Ruben Di Battista Sat, 13 Jan 2018 07:32:31 -0800

 

On Friday, January 12, 2018 at 10:54:49 AM UTC+1, Simon King wrote:
>
> If I understand your code correctly, scheduler.propagate() creates a 
> large number of Passage instances, and you only want a small subset of 
> them to be added to the database. Is that correct? 
>


Correct!
 

> I would guess that the passages are getting added to the session 
> because you are setting their 'satellite' property to point to a 
> Satellite which is already in the database. This then causes the 
> passages to be added to the session due to the default cascade rules 
> on the relationship 
> (http://docs.sqlalchemy.org/en/latest/orm/cascades.html). 
>
> If that really is the case, you can change the cascade rules for that 
> relationship, and then you'll probably need to explicitly add the 
> passages you want to *keep* to the session instead. 
>
> Hope that helps, 
>
> Simon 
>

Dear Simon, 
thank you. That was the case.
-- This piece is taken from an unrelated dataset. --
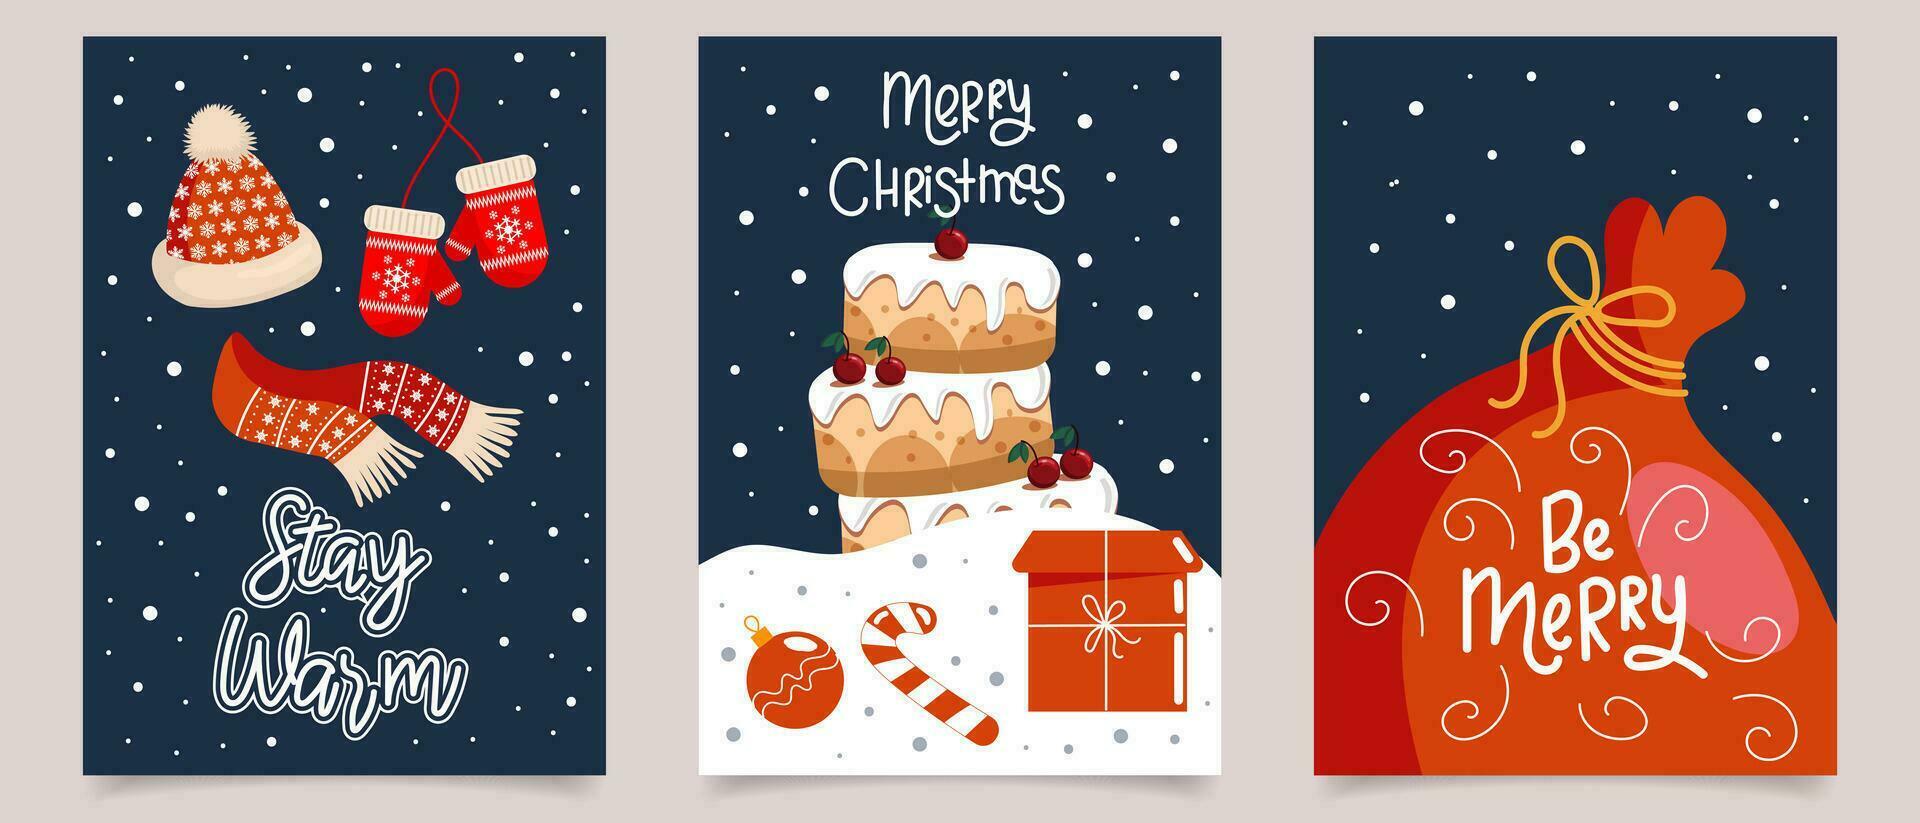 Be merry and bright - Christmas quotes typographic design vector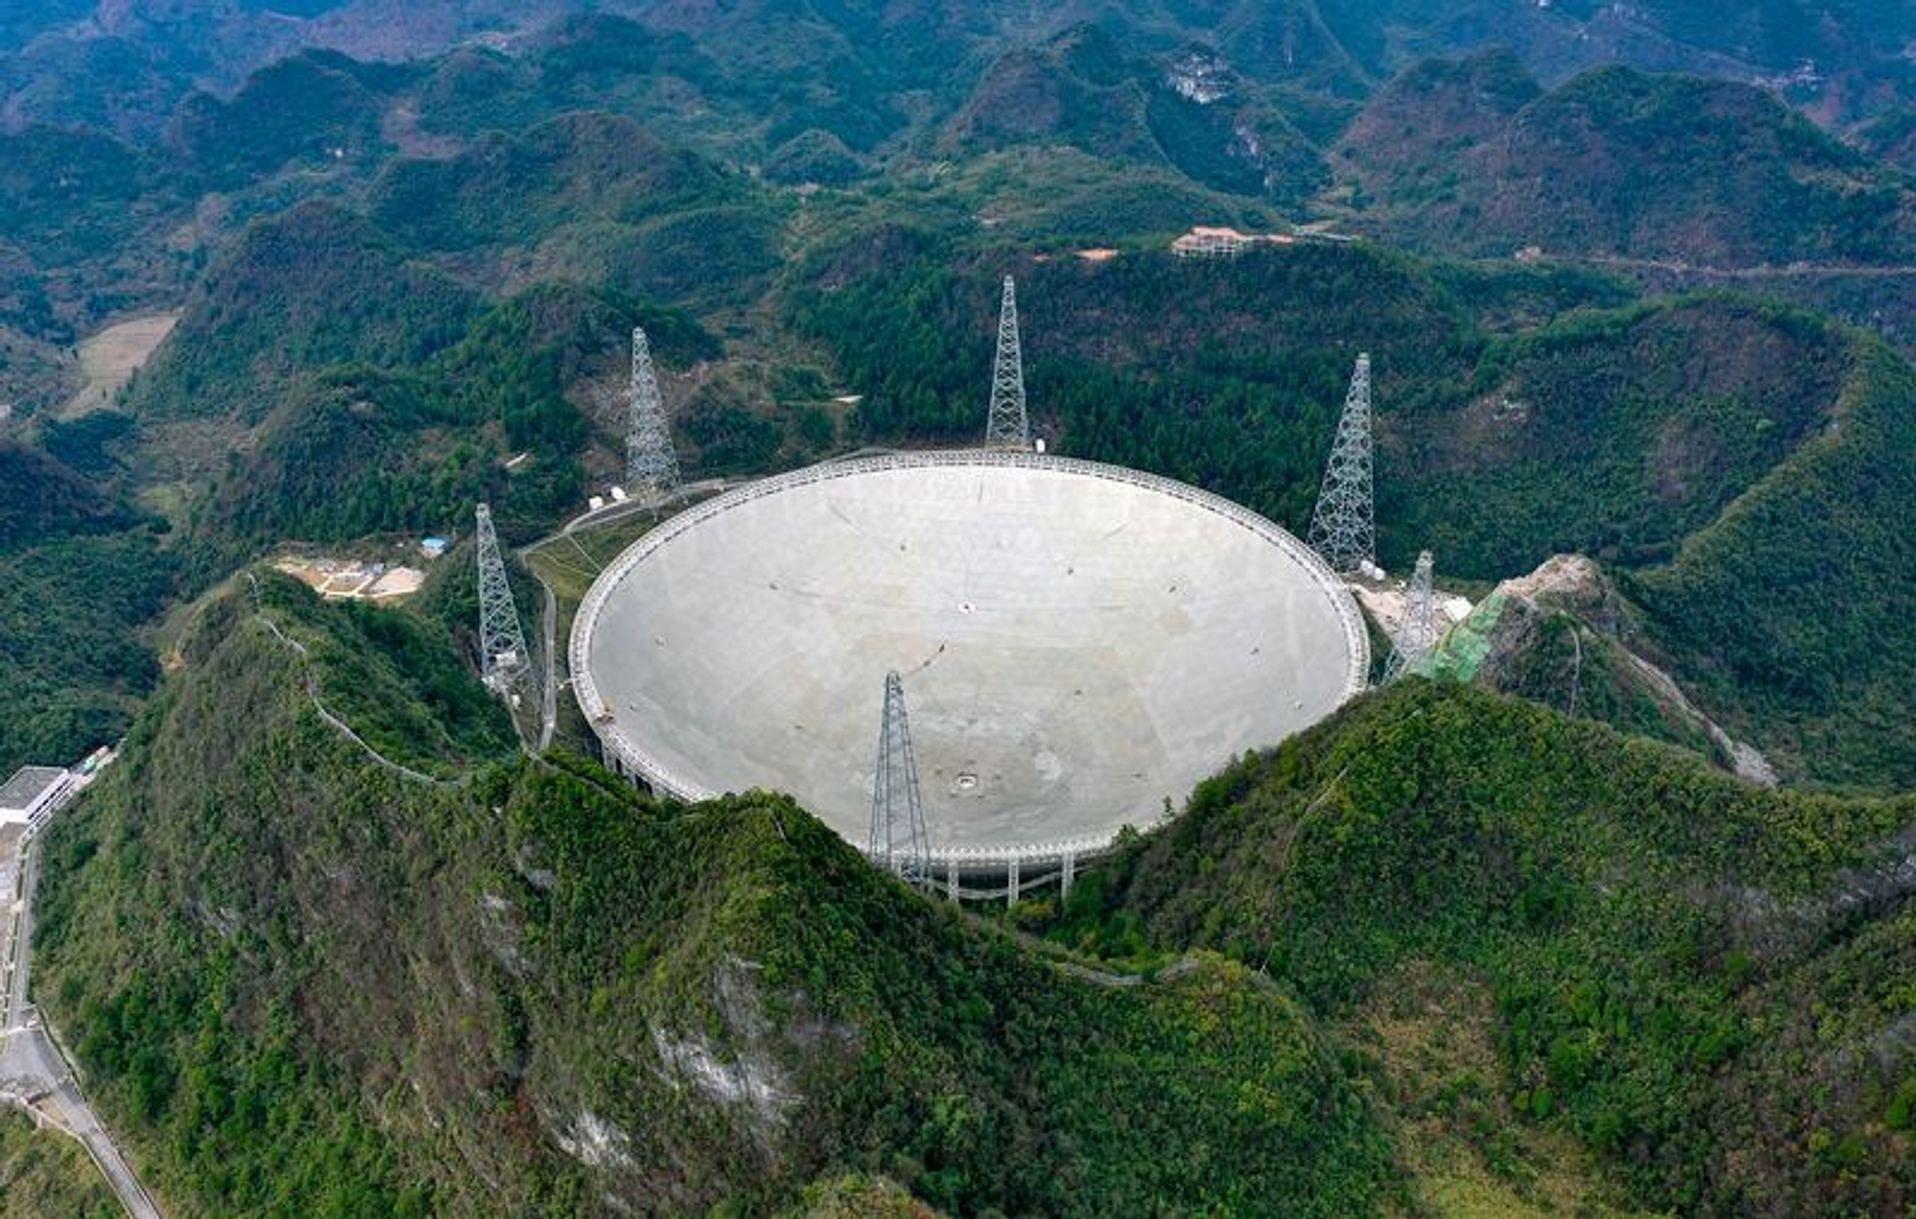 The Chinese telescope, FAST, claimed to have detected signals from Aliens (Image via Qu Honglun/Getty Images)

Modifying the cascade disabling the backref 
cascade does not load in the DB the passages at propagation time. 

But now, when I manually add the subset of passages after the optimization, 
I get a: 

InvalidRequestError: Can't attach instance <Satellite at 0x108c4dfd0>; 
another instance with key [...] is already present in this section. 

So, I suppose that disabling the backref cascade now SQLAlchemy is not 
capable anymore to recognize the already loaded Satellite objects...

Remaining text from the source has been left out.